Libsea is a set of programming APIs designed to make many of the common POSIX programming tasks less burdensome and complicated for the programmer in C.
Includes APIs for:
- Binary trees.
- Hash tables.
- Linked lists.
- Binary and string buffers.
- File system actions.
- Inter-process communication.
- TCP and TLS communication.
- File system notification.
- Process information.
- Audio playback.
- Server programming for TCP/IPv4, TCP/IPv6,and UNIX domain (TLS).
- String conversion and manipulation.
- System information (CPU, disks and mounts).
- Thread programming (Threads, locks and spin locks).
- HTTP/s requests.
- Websocket (version 13) implementation.
Effort has been made to make these programming APIs portable and currently libsea supports Linux, macOS, FreeBSD, DragonFlyBSD and OpenBSD (all fully supported).
This concept has been influenced by such works as the standard Golang library. Work is non-funded and done in spare time. Any reports or requests for features are happily accepted.
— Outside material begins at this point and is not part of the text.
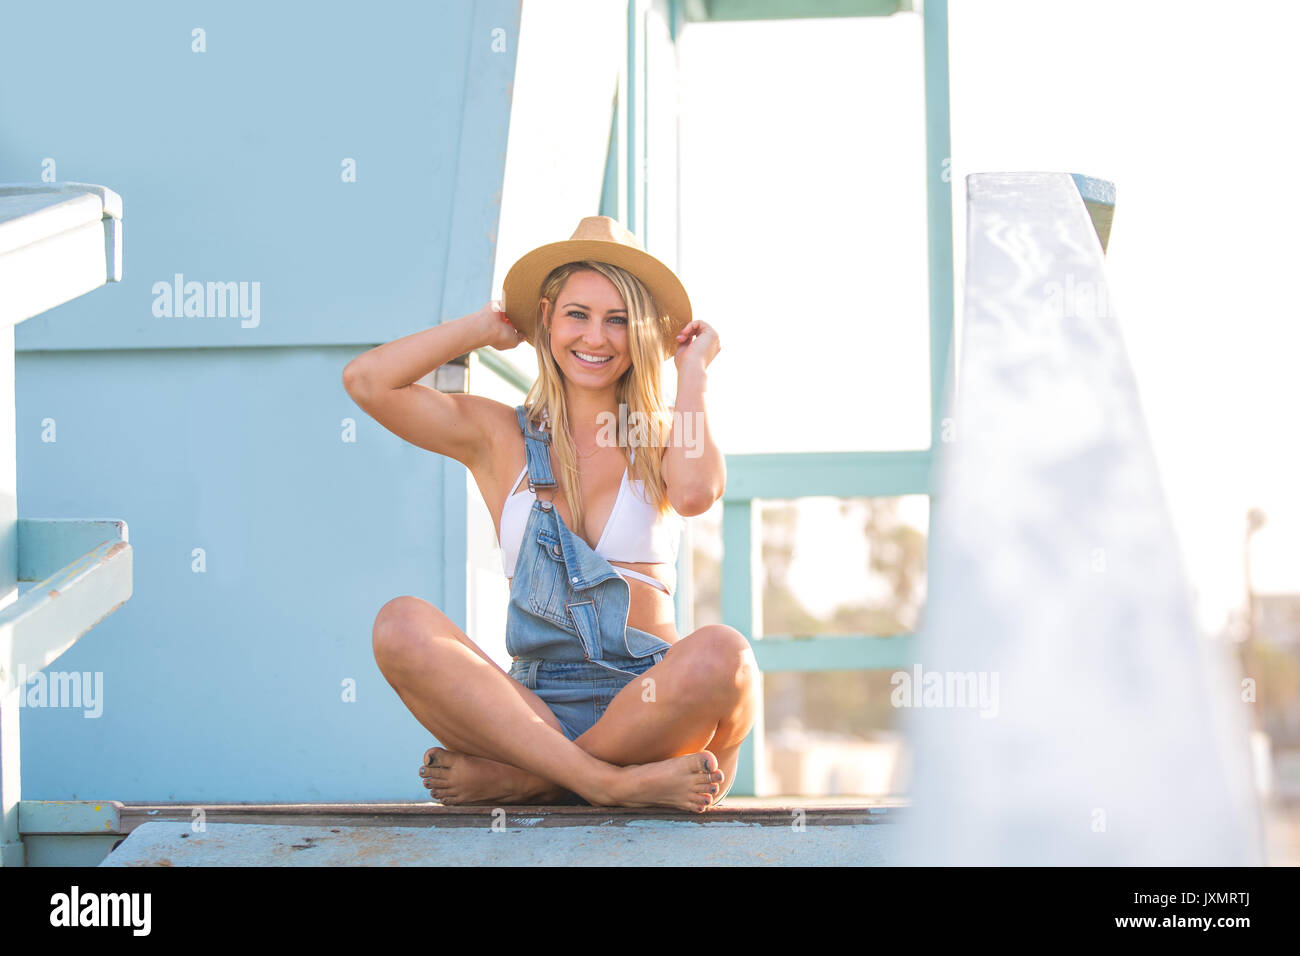 Porträt der jungen Frau gekreuzt auf Beach Hut legged, Santa Monica, Kalifornien, USA Stockfoto

The library has two dependencies. OpenSSL/LibreSSL and SDL2.
There are no plans to introduce more dependencies. The reason for this being simplicity.
$ make (or gmake) $ sudo make install
To install to a different location pass PREFIX to make when doing a "make install", e.g: make PREFIX=/some/path install
You can generate documentation by running "doxygen" within the source tree. If an API has no documentation the programmer can assume the API is used internally or not stable.
The library is written and maintained by Alastair Roy Poole with some work from Sam Watkins.